Considering strategic interventions, there are critical needs to continue and sustain intensified TB case finding and enhance quality treatment, care, and social protection support. More importantly, enhancing social accountability is vital to ensure effective multi-sector coordination and meaningful community engagement for TB response at all levels. While there are good practices of micro-planning for TB responses at the local level, more emphasis is needed to further strengthen the capacity of participatory monitoring and evaluation committees in reviewing the progress and addressing institutional bottlenecks at large.
“Our efforts to strengthen information systems at all levels will continue to ensure evidence-informed strategic interventions for sustained national TB response.
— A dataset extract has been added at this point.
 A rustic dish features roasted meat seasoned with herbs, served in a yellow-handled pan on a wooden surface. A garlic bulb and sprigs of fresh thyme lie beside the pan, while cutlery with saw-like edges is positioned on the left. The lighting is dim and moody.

We have developed a robust data management system with interoperability features and integrated with the national health management information system. Among others, research and innovation are also high priorities of the national TB response,” says Bir Rawal, Chief of Planning, Monitoring, Evaluation, Surveillance, and Research at NTCC.
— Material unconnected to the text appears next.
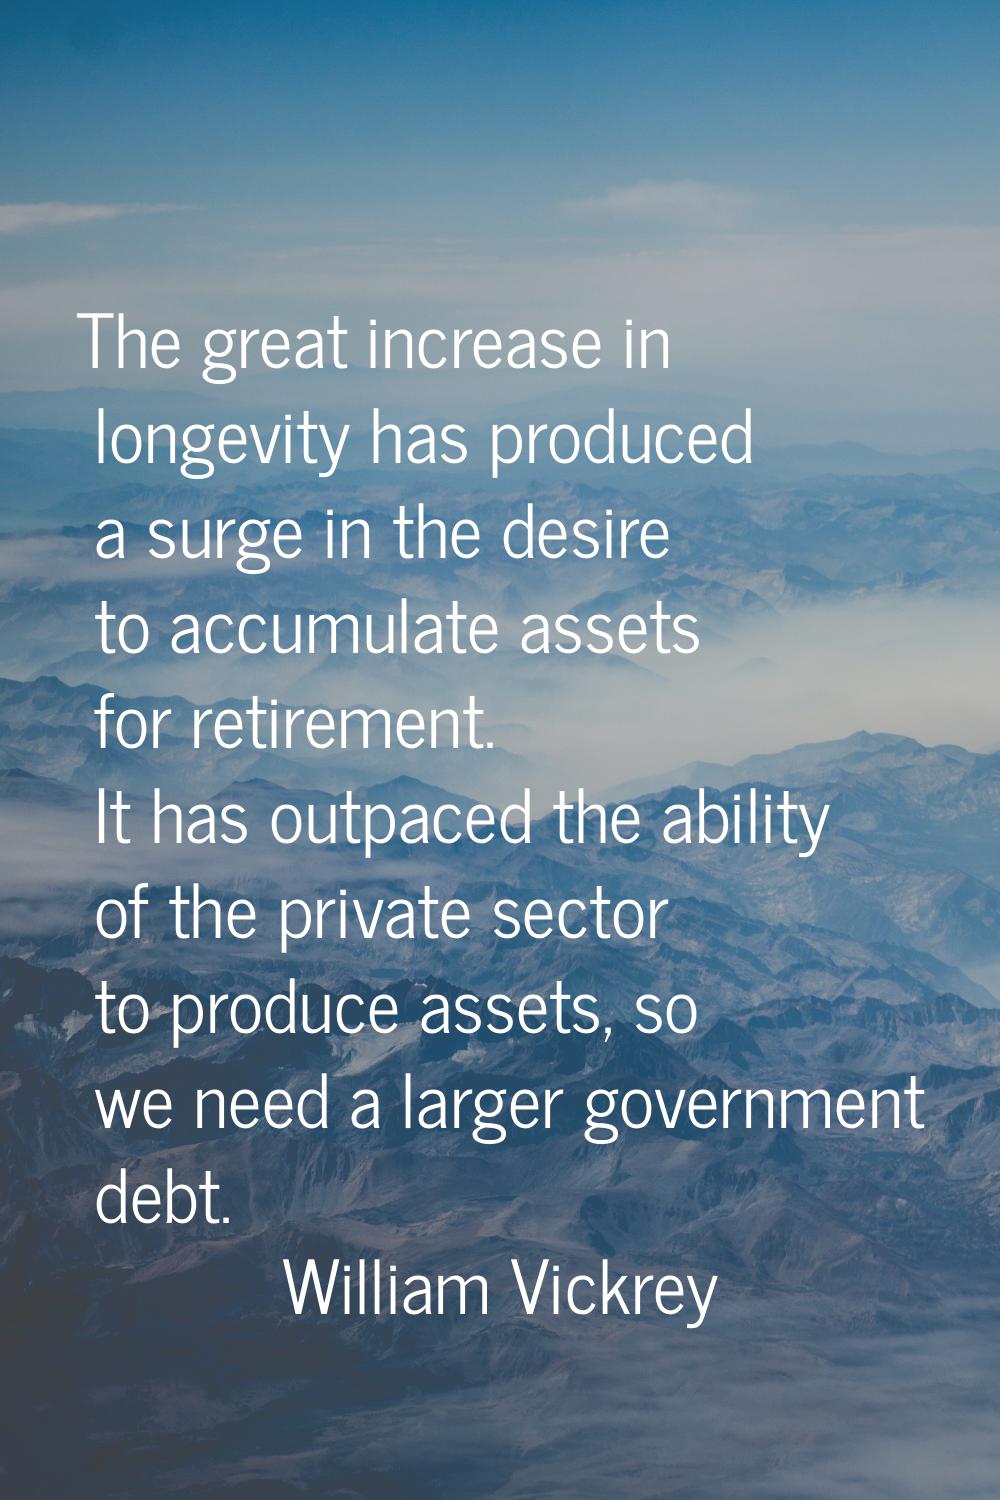 The great increase in longevity has produced a surge in the desire to accumulate assets for retirem

While increasing focus on providing treatment and care largely remains on the health system, family members also play an important role in caring for a person with TB. “Community-based interventions need to promote engagement of family carers in supporting persons with TB in families and communities. This is an integral part of community system strengthening for TB response,” says Dr. Sushil Koirala, Country Representative at Noora Health.
Nepal still faces some programmatic gaps and operational issues to end the TB epidemic. Most notably, there is a significant funding gap. The current national strategic plan to end TB is 43 per cent underfunded. A similar gap is in the treatment coverage, which means 40 per cent in DS-TB and 75 per cent in DR-TB. Limited engagement of strategic partners within and beyond the health system also reveals inadequate resources available in TB prevention, treatment, care, and support. Because of resource constraints, there is still a challenge to ensure uninterrupted logistics, medicines, and other essential supplies across the provinces.
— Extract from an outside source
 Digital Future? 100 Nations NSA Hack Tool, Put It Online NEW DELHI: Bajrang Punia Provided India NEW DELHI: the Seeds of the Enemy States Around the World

Moving forward, firstly, Nepal needs to adapt and institutionalise a multi-sectoral accountability framework that supports effective collaboration and accountability of governments and key stakeholders to end the TB epidemic by 2030. The framework essentially facilitates multisectoral action, mutual accountability, and measurement of progress towards commitments on TB at all levels.
Though there are initial discussions about this framework, NTCC needs to urgently take the lead in facilitating this process in coordination with key stakeholders within the health sector and beyond. Secondly, socio-cultural, economic, and political dimensions of TB must be addressed in scaling up the TB-free initiative at the local level. Thirdly, integration of services such as HIV, nutrition, mental health, and maternal and child health along with social and financial systems will greatly contribute to the sustainability of the national TB response.
(Bhandari is a health policy analyst interested in anthropology.)